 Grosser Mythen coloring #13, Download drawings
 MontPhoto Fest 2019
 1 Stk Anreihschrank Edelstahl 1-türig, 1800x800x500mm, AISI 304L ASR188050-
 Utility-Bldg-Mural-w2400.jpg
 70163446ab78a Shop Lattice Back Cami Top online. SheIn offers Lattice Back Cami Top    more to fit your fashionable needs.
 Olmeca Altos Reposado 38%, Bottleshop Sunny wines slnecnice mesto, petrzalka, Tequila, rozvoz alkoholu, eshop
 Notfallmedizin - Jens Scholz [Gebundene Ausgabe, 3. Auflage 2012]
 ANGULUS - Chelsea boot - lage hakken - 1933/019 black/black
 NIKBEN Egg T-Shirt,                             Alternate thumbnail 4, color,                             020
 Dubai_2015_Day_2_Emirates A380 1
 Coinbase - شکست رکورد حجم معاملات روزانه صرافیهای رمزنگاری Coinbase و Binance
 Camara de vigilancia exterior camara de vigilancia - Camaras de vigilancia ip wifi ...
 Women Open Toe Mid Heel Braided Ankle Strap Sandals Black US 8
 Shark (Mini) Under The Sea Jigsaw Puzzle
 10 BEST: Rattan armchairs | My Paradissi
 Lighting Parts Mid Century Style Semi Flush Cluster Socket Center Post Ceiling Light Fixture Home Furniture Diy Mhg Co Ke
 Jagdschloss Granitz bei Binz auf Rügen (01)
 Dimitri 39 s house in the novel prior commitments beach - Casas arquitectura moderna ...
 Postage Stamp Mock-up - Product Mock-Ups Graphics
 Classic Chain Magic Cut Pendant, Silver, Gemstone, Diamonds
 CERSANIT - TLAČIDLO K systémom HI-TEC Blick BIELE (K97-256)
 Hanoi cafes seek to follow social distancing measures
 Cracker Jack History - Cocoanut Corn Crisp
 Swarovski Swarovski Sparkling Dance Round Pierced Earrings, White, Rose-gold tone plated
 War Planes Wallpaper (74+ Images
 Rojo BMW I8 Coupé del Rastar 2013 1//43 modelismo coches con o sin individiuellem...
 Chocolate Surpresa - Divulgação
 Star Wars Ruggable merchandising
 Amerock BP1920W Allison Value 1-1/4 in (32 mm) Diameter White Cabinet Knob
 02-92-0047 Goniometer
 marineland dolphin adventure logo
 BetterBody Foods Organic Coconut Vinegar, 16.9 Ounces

> WHAT TO PRODUCE
The answer must hold exactly the lines of the entries above, from the first line through the line that contains "Dimitri 39 s", and no others.

> RESULT
 Grosser Mythen coloring #13, Download drawings
 MontPhoto Fest 2019
 1 Stk Anreihschrank Edelstahl 1-türig, 1800x800x500mm, AISI 304L ASR188050-
 Utility-Bldg-Mural-w2400.jpg
 70163446ab78a Shop Lattice Back Cami Top online. SheIn offers Lattice Back Cami Top    more to fit your fashionable needs.
 Olmeca Altos Reposado 38%, Bottleshop Sunny wines slnecnice mesto, petrzalka, Tequila, rozvoz alkoholu, eshop
 Notfallmedizin - Jens Scholz [Gebundene Ausgabe, 3. Auflage 2012]
 ANGULUS - Chelsea boot - lage hakken - 1933/019 black/black
 NIKBEN Egg T-Shirt,                             Alternate thumbnail 4, color,                             020
 Dubai_2015_Day_2_Emirates A380 1
 Coinbase - شکست رکورد حجم معاملات روزانه صرافیهای رمزنگاری Coinbase و Binance
 Camara de vigilancia exterior camara de vigilancia - Camaras de vigilancia ip wifi ...
 Women Open Toe Mid Heel Braided Ankle Strap Sandals Black US 8
 Shark (Mini) Under The Sea Jigsaw Puzzle
 10 BEST: Rattan armchairs | My Paradissi
 Lighting Parts Mid Century Style Semi Flush Cluster Socket Center Post Ceiling Light Fixture Home Furniture Diy Mhg Co Ke
 Jagdschloss Granitz bei Binz auf Rügen (01)
 Dimitri 39 s house in the novel prior commitments beach - Casas arquitectura moderna ...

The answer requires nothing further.